In VerodogSLAMtag cells, all viruses were released with an efficiency similar to the parental 58ΔF106 (Fig. 3B), while their cell-associated titers were up to 1 log higher, with 58MΔ1–335 and 58MΔ1–174 reaching significantly (p<0. 01) higher titers (Fig. 3C). Similar plaque morphology was observed for 58ΔF106 and 58MΔ174–396 (Fig. 3D), while syncytia produced by the other two viruses were larger, correlating with the observed increase in cell-associated titers. The increased replication efficiency and syncytia size of the viruses lacking the first part of the M 3′ UTR sequence indicates that the specific sequence of this region contributes to its function in the viral context.

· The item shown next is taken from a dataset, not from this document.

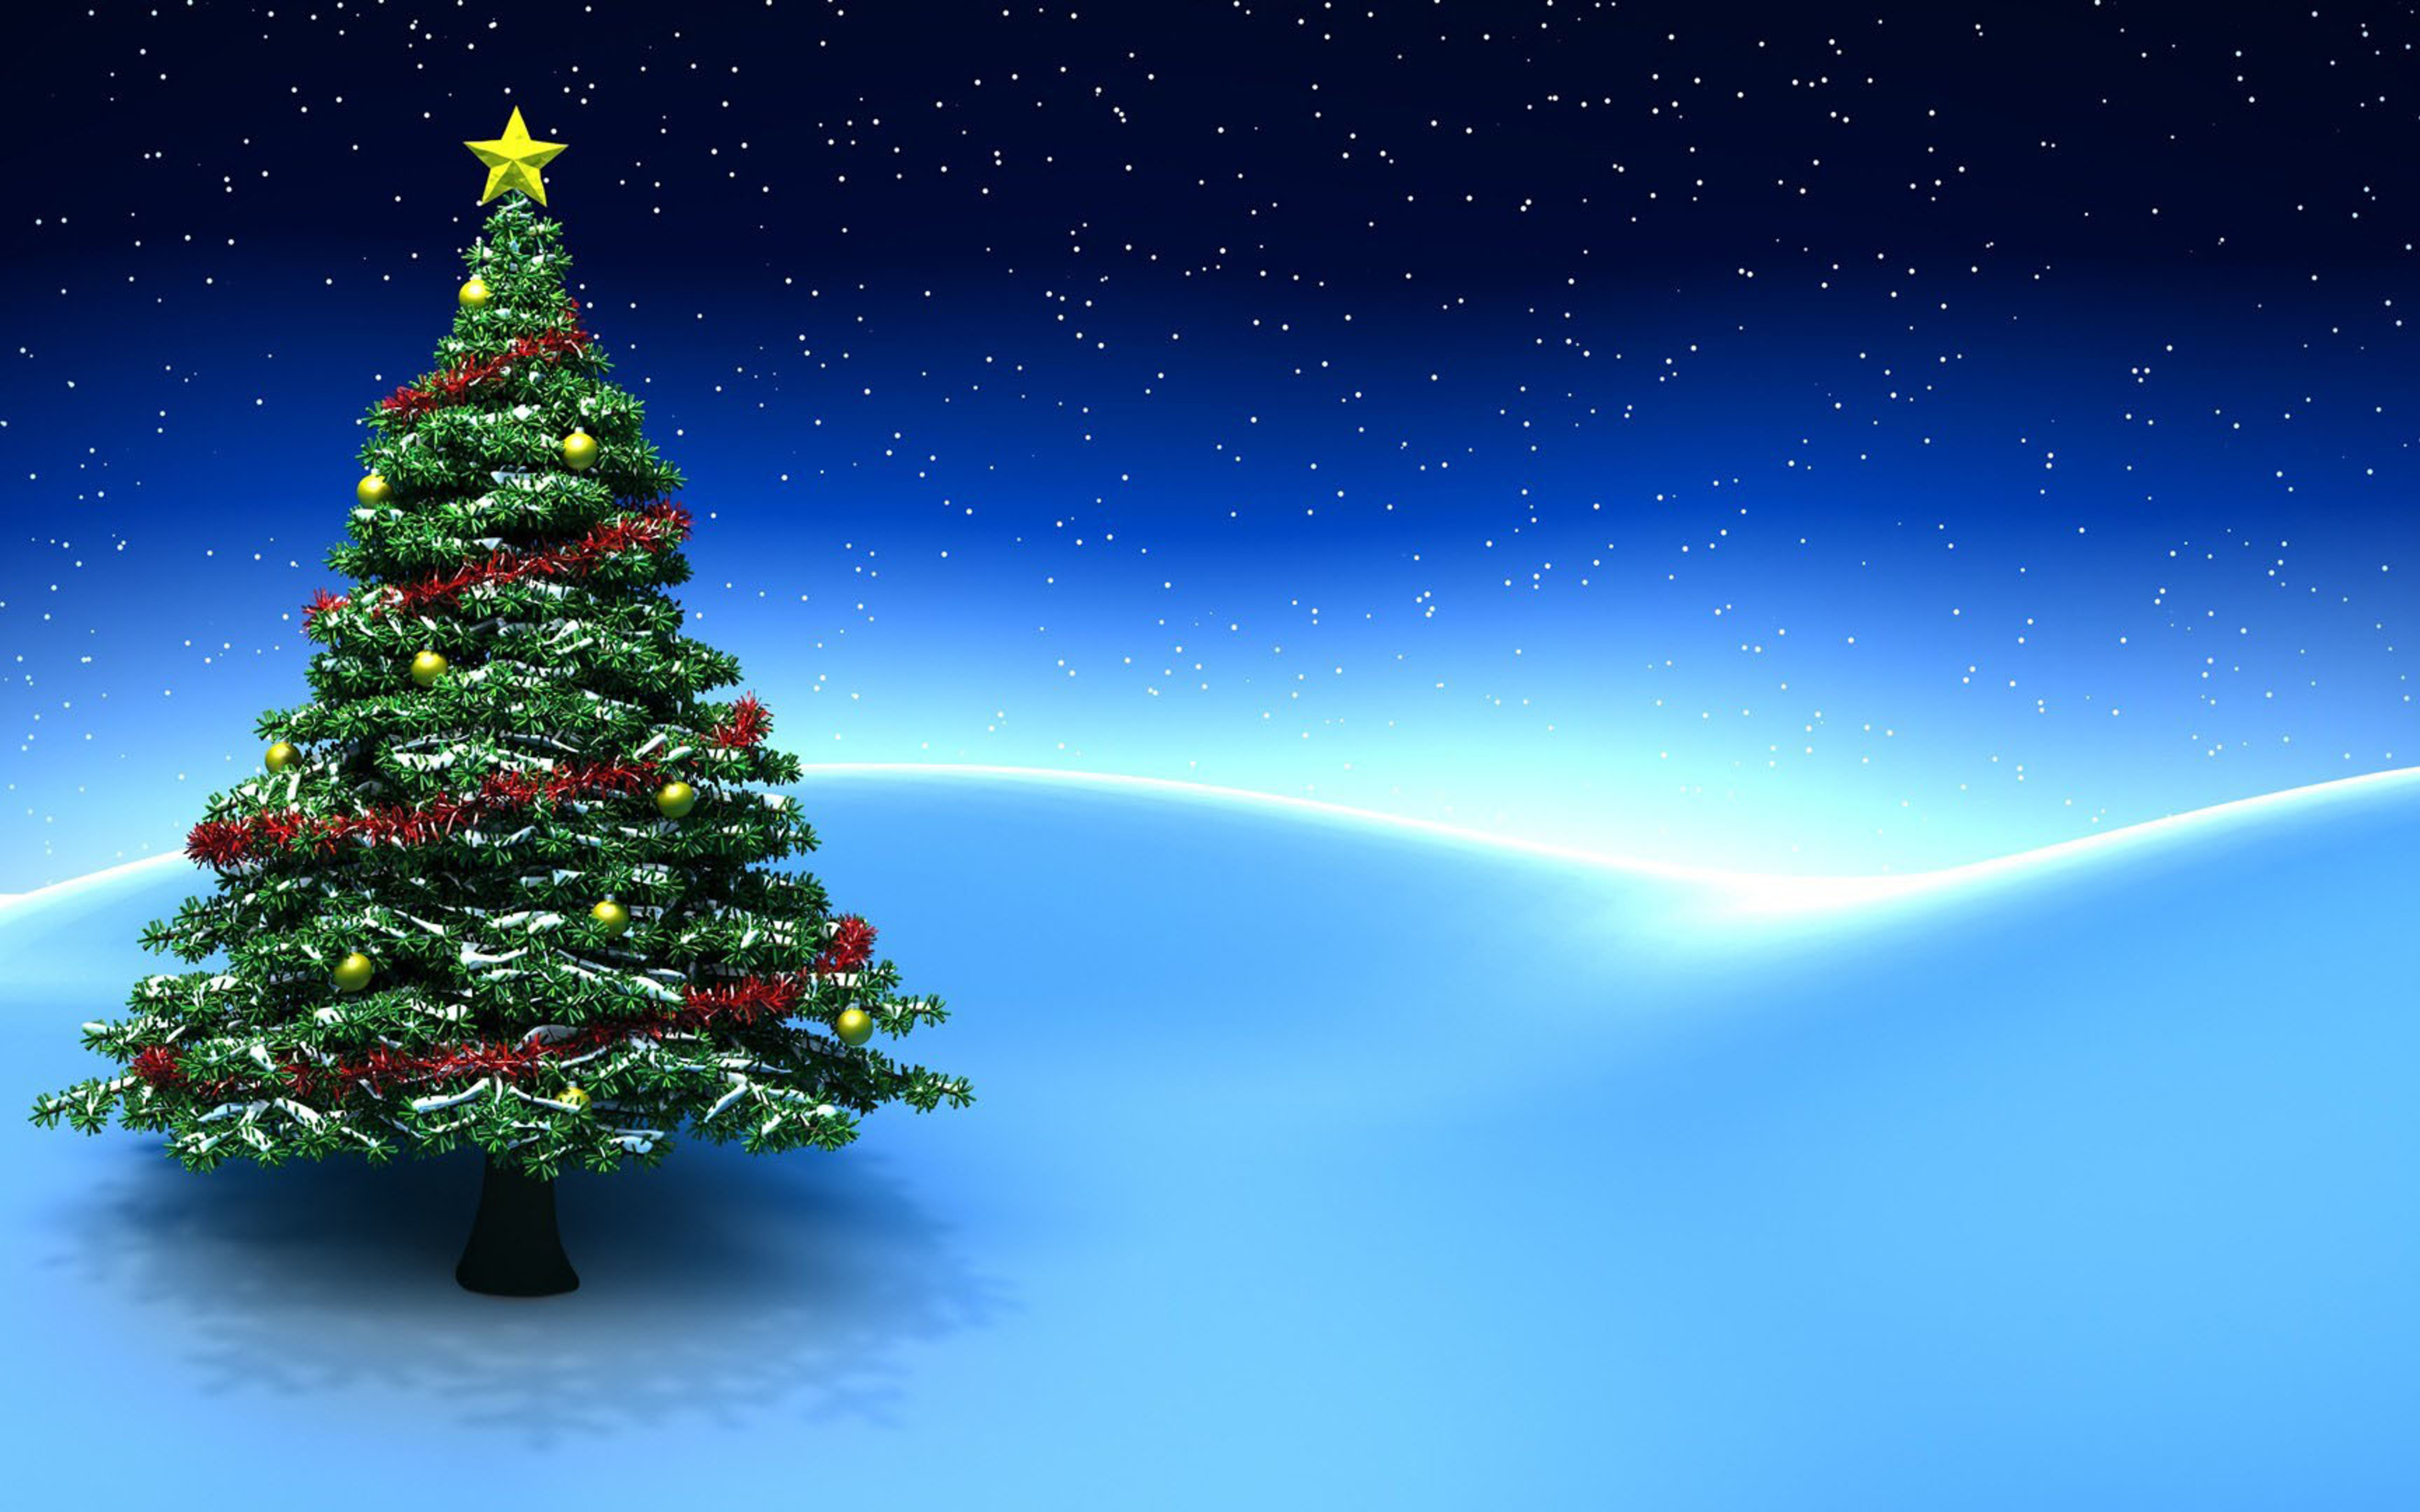 Free Download Christmas Tree On A Magic Blue Night Hd Wallpaper 51x30 For Your Desktop Mobile Tablet Explore 50 Weihnachtsbaum Wallpaper Weihnachtsbaum Wallpaper

The M 3′ UTR does not affect overall viral gene expression

Since we had previously observed that truncation of the F portion of the variable M-F region leads to an increase in F transcription and translation, we next examined whether the truncations in the M region would alter transcription of either upstream or downstream genes. Total RNA isolated from VerodogSLAMtag cells infected with a MOI of 1 was extracted and transferred onto nitrocellulose membranes. Membranes were hybridized with DIG-labeled DNA probes specific to N, P, M and F mRNAs (Fig. 4A). The mean P/N, M/N and F/N ratio of the parental 58ΔF106 and the other three recombinants was not significantly different. Western blot analysis of the corresponding proteins harvested 18 h after infection revealed some variability but no significant difference in M or F expression for any of the mutants compared to 58ΔF106 (Fig. 4B), indicating that alterations in the M 3′ UTR do not dramatically influence viral protein expression.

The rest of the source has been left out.